Sagen Sie mir nichts von Jesus!

Ein vornehmer sächsischer Staatsmann wurde einmal ernstlich krank. Da schickte er zum Hofprediger und ließ um seinen Besuch bitten. Als dieser zu ihm kam, redete er ihn folgendermaßen an: "Ich bin sehr krank und fürchte, ich könnte sterben; ich bitte Sie daher, mir etwas Erbauliches zu sagen; eins aber muss ich mir von vorne herein ausbitten: dass Sie mir nichts von Jesus sagen, denn davon will ich nichts hören." 
Der Prediger antwortete ganz ruhig: "Es ist mit lieb, dass Sie mir das gleich gesagt haben, denn das wäre allerdings das erste gewesen, wovon ich zu Ihnen geredet haben würde. Indes gibt es ja sonst noch viel Erbauliches, wovon wir uns unterhalten können. Darf ich von Gott mit Ihnen reden?" 
Der hohe Patient antwortete: "O, gewiss, davon will ich gerne hören, denn vor Gott hatte ich immer viel Hochachtung von Jugend auf." 
Da sprach denn der Prediger von der Liebe Gottes zu den Menschen, was dem Kranken so angenehm war, dass er ihn beim Abschied bat, doch recht bald wiederzukommen. 
Als der Prediger wiederkam, sagte der Kranke: "Nun, was werden Sie mir heute Schönes erzählen? Ich habe mich schon lange nach Ihrem Besuch gesehnt." 
Da sprach denn der Prediger von Gottes Allmacht und Weisheit. Das gefiel dem Kranken wieder sehr gut. Das nächste Mal redete der Geistliche von Gottes Allwissenheit. Das war schon ernsthafter, aber dem Kranken doch noch angenehm. Beim vierten Besuch sprach der Mann Gottes über Gottes Heiligkeit, welch ein reines, heiliges Wesen Gott sei und umgeben mit nichts anderem als reinen und heiligen Wesen. Die fünfte Unterredung handelte von Gottes Gerechtigkeit. Da fing aber der Kranke bald an: "Herr Hofprediger, jetzt kann ich es nicht mehr aushalten, mir wird angst und bange; wenn Gott so heilig und gerecht ist, wie Sie sagen, so bin ich verloren." 
Nun ging aber der Prediger fort und kam den folgenden Tag nicht wieder, um das Sündengefühl des Kranken tiefer gehen zu lassen. Aber der Patient ließ den Hofprediger rufen und sagte: "Ich weiß mich vor Angst nicht mehr zu fassen; bitte, sagen Sie mir doch wieder etwas Tröstlicheres; es ist mir ja, als wäre ich schon in der Hölle oder die Hölle in mir; wissen Sie denn nichts, womit ich wieder Beruhigung finden könnte?" 
Der Prediger sagte: "Gar nichts weiß ich sonst mehr für Sie, als dass Gott zwar gnädig, aber auch allwissend heilig und gerecht ist und deshalb nicht anders kann, als das Böse bestrafen. Wohl wüsste ich noch viel Schöneres und Treffliches, aber davon wollen Sie ja nichts hören; darum müssen Sie in diesem unseligen Zustand dahinsterben und drüben Ihr Schicksal erwarten, worüber ich Sie von Herzen bedauern muss." 
"Ach", jammerte der Kranke, "was haben Sie denn Tröstliches? Sagen Sie mir's doch, kann ich noch gerettet werden?" 
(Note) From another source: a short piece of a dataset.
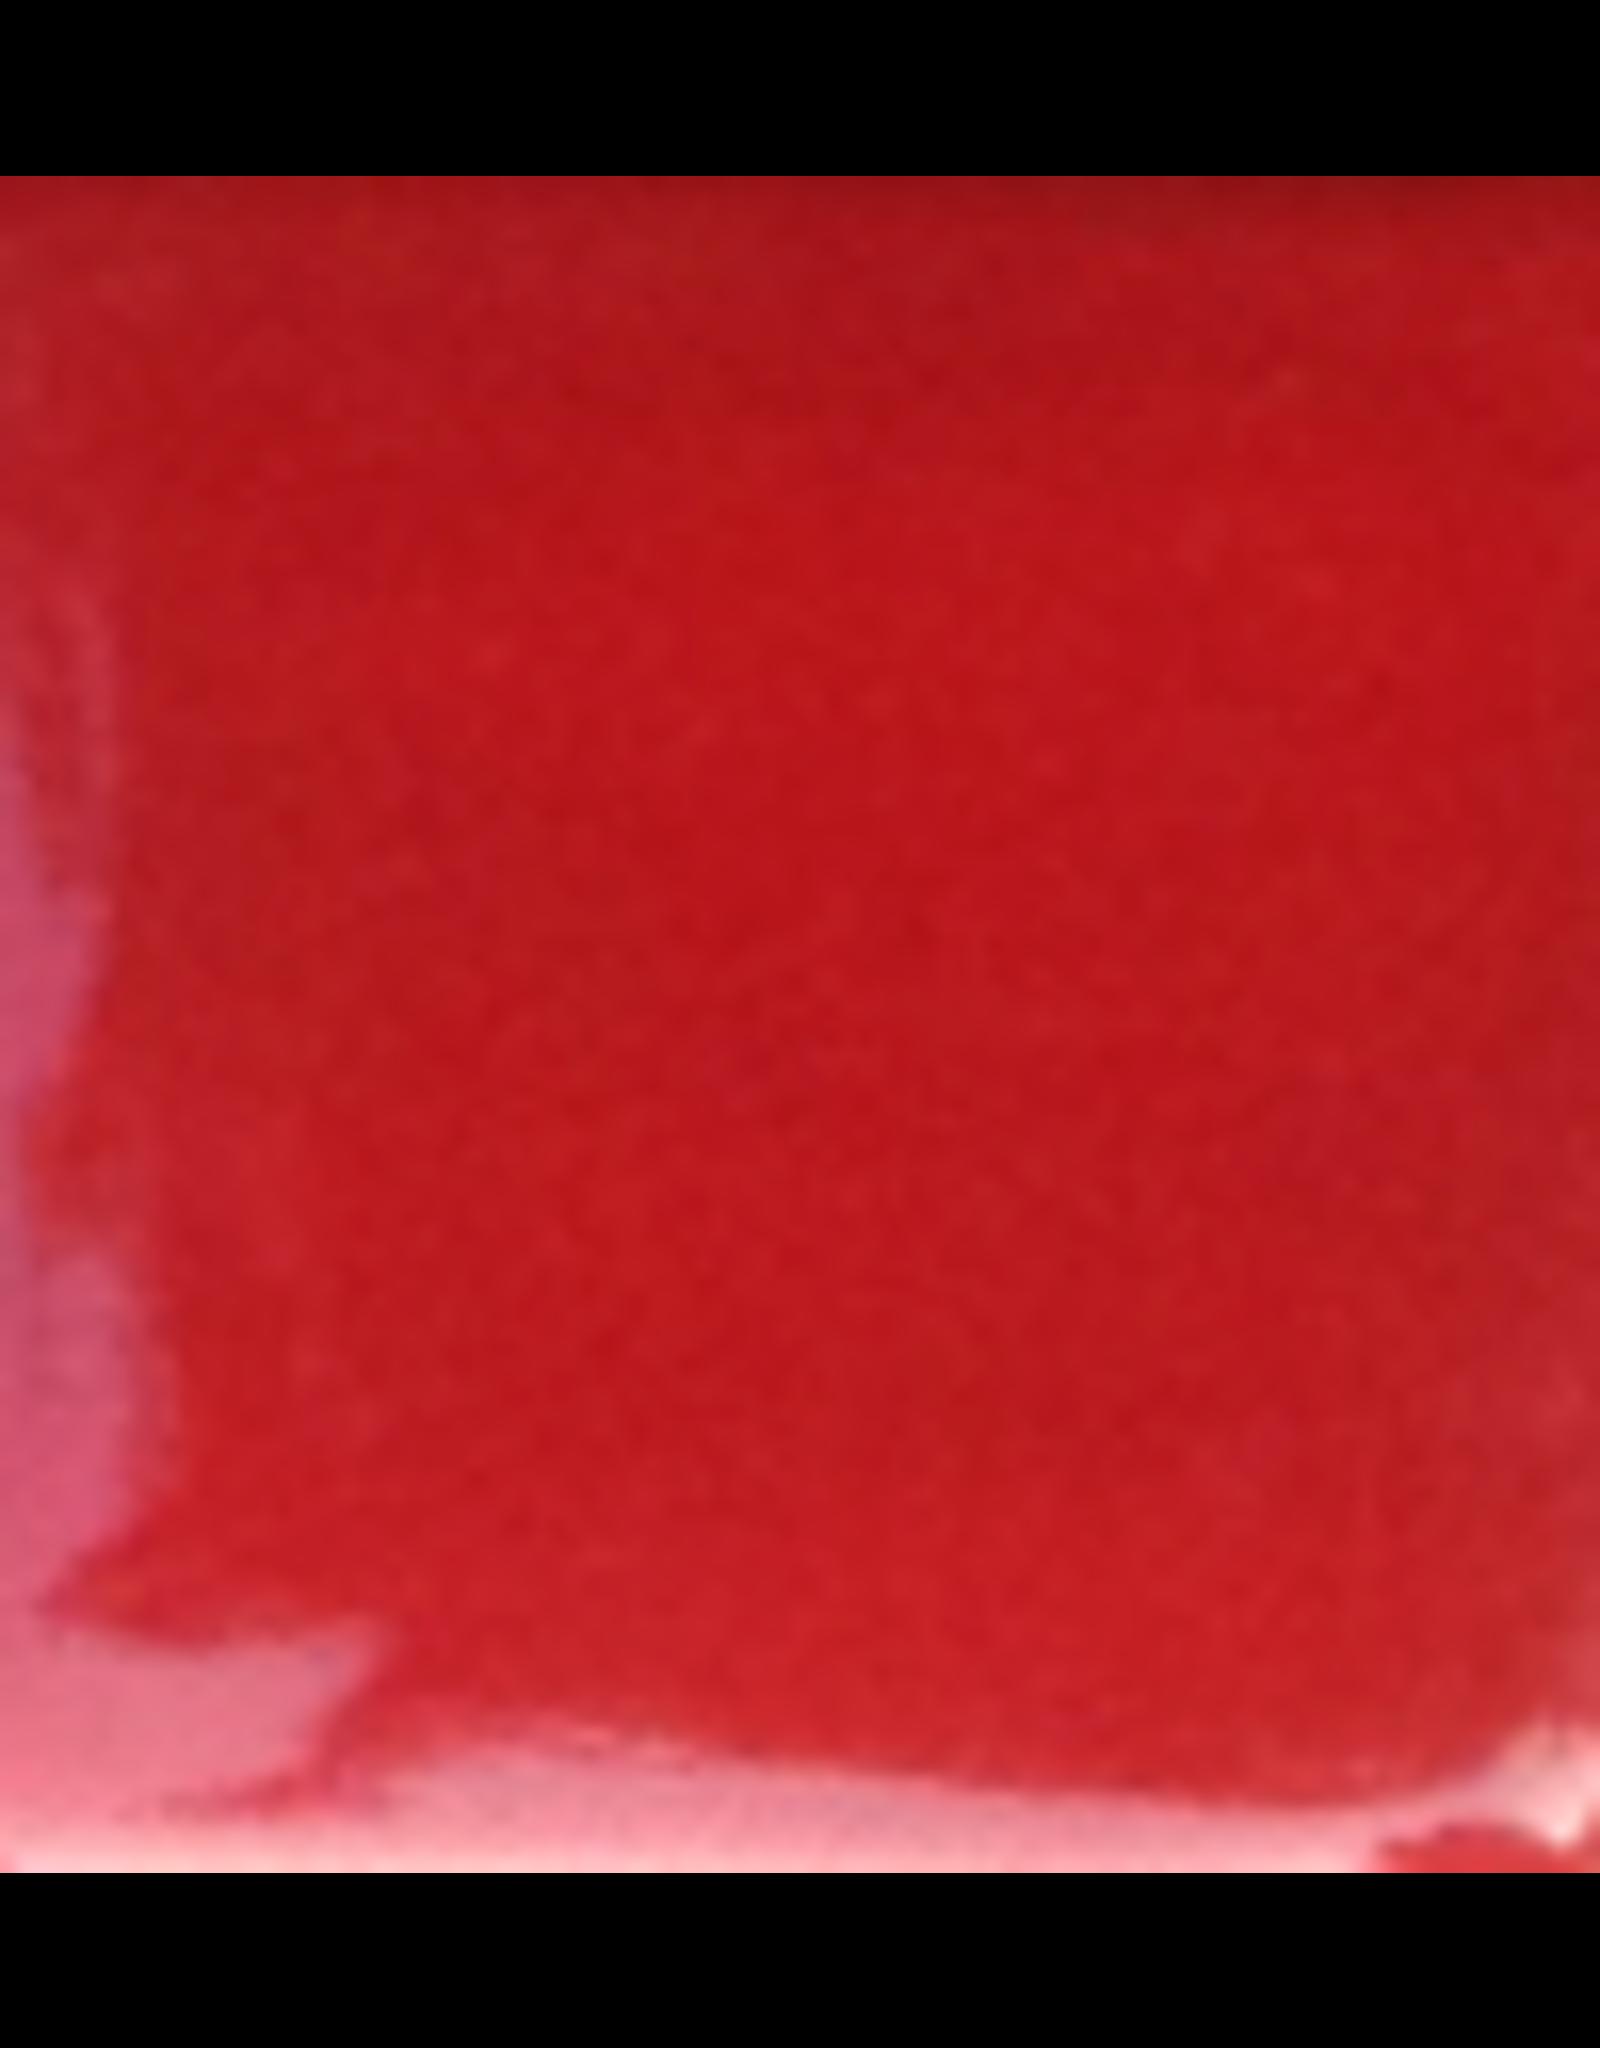 Contem UG47 Cherry red

"O ja, aber nur, wenn ich Ihnen den Namen nennen darf, von dem Sie gar nichts wissen wollten." 
"Nun, so sagen Sie mir in Gottes Namen, was Sie wollen, wenn ich nur noch aus meiner Verdammnis gerettet werden kann."
Nun verkündigte der Prediger mit Kraft und Freudigkeit dem Kranken die frohe Botschaft, dass der bisher von ihm so verachtete Jesus sein Herr und Gott, sein Schöpfer und Heiland sei, zu dem er sich mit allen seinen Sünden wenden und um Gnade bitten solle und dürfe. Für solche Sünder sei Er gestorben und habe am Kreuz Sein Blut vergossen zu einem Lösegeld für ihn und für die ganze Welt. - Nun war der Kranke froh, von einem solchen Jesus, der die Sünder annimmt, zu hören. Er nahm dann auch seine Zuflucht zu Ihm und erfuhr, dass Jesus der Weg und die Wahrheit und das Leben sei, und dass kein anderer Name den Menschen gegeben ist, darinnen wir sollen selig werden, so dass er als ein begnadigter Sünder im Glauben an Jesus freudig und getrost sterben konnte.